Training this model is numerically challenging because the final softmax layer must handle millions of entries. Calculating the exponentials for such a large dictionary is computationally expensive, requiring specialised techniques such as hierarchical softmax or negative sampling.

F.3 Doing Maths with these Embeddings

Remarkably, these learnt embedding spaces often capture semantic relationships as linear substructures. This allows for algebraic manipulation of concepts (ie. linear combination). A famous example is the gender relationship:

\mathbf{x}_{\text{man}} - \mathbf{x}_{\text{woman}} \approx \mathbf{x}_{\text{king}} - \mathbf{x}_{\text{queen}}

Some representations from these linear substructures for GloVe are shown in Figure F.1. Similar examples can be found with Word2Vec.

Another remarkable result is that these embeddings are effective at capturing semantic similarities (ie. scalar product). For example, the nearest neighbours to the word “frog” in the GloVe embedding space include other amphibian species like “toad” or “litoria” (see Figure F.2).

F.4 Tokenisation: Beyond Word-Level Embeddings

While word-level embeddings like Word2Vec and GloVe show that text can be meaningfully mapped into a Euclidean space, they suffer from several significant limitations:

Out-of-Dictionary (OOD) Problem: If a model encounters a word that was not in its training vocabulary (e.g. a typo, a new technical term, or a rare name), it cannot generate a vector for it.
Morphology: They treat different forms of the same root word (e.g. “walk”, “walking”, “walked”) as entirely distinct entities, failing to exploit their shared meaning efficiently.
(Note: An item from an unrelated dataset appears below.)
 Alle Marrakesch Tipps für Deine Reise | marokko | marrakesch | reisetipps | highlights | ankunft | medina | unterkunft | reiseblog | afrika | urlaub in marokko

Modern Large Language Models (LLMs) solve these issues by using tokenisation instead of simple word-level encoding. Techniques such as Byte-Pair Encoding (BPE) or WordPiece breakdown words into frequent groups of bytes or sub-word units.

In this approach, common words might remain as single tokens, but rare words are decomposed into smaller, more frequent sub-units. For example, the word “unhappily” might be broken down into un + happi + ly.
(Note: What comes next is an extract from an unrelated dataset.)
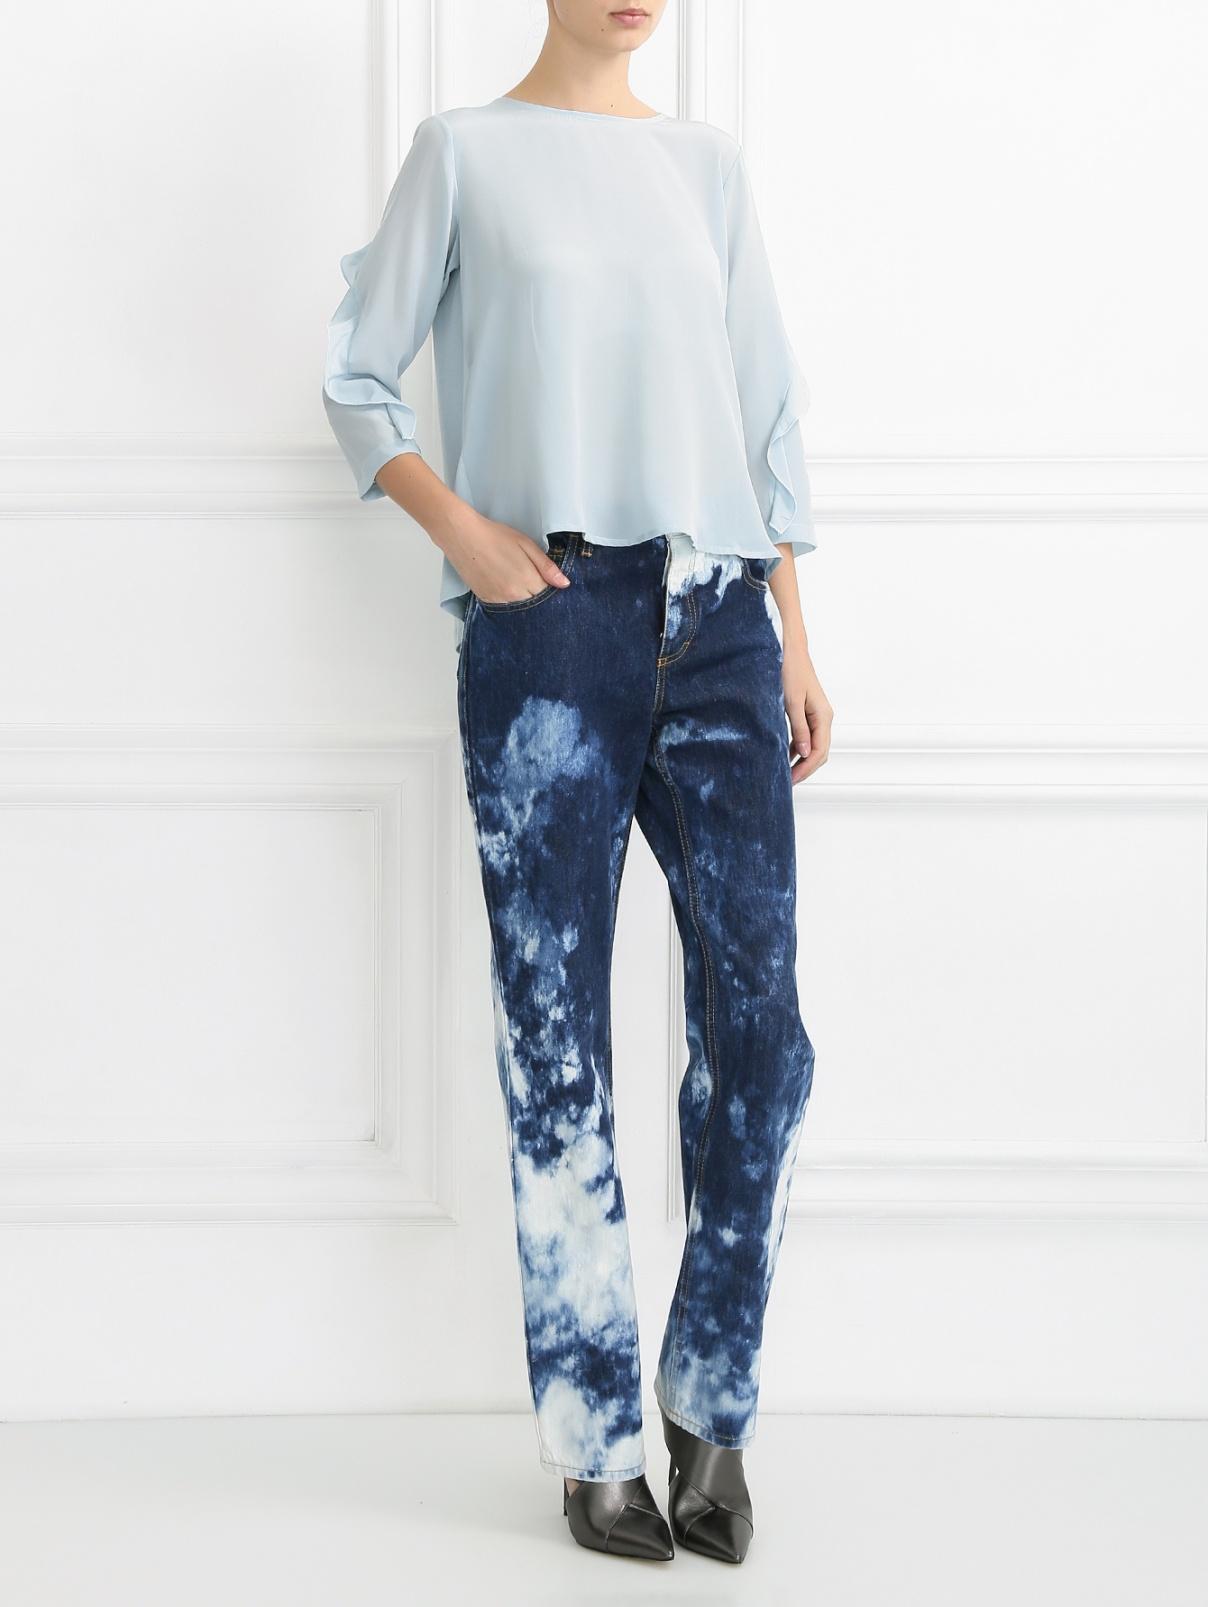 Свободные джинсы из вареного денима Au Jour Le Jour  –  Модель Общий вид  – Цвет:  Синий

This offers a bridge between character-level and word-level encoding:

Like character-level encoding, it can represent any arbitrary string by breaking it down into its constituent parts (even down to individual bytes), thus eliminating the out-of-dictionary problem.
Like word-level encoding, it retains semantic meaning in its tokens, as frequent sub-words (like prefixes and suffixes) carry consistent information across different contexts.

F.5 Further Reading

For those wishing to explore word embeddings and tokenisation in more detail, you can look at the following resources:

Efficient Estimation of Word Representations in Vector Space, T. Mikolov, K. Chen, G. Corrado, and J. Dean (2013).
GloVe: Global Vectors for Word Representation, J. Pennington, R. Socher, and C. Manning (2014).
Neural Machine Translation of Rare Words with Subword Units, R. Sennrich, B. Haddow, and A. Birch (2015) — the foundational paper for BPE in NLP.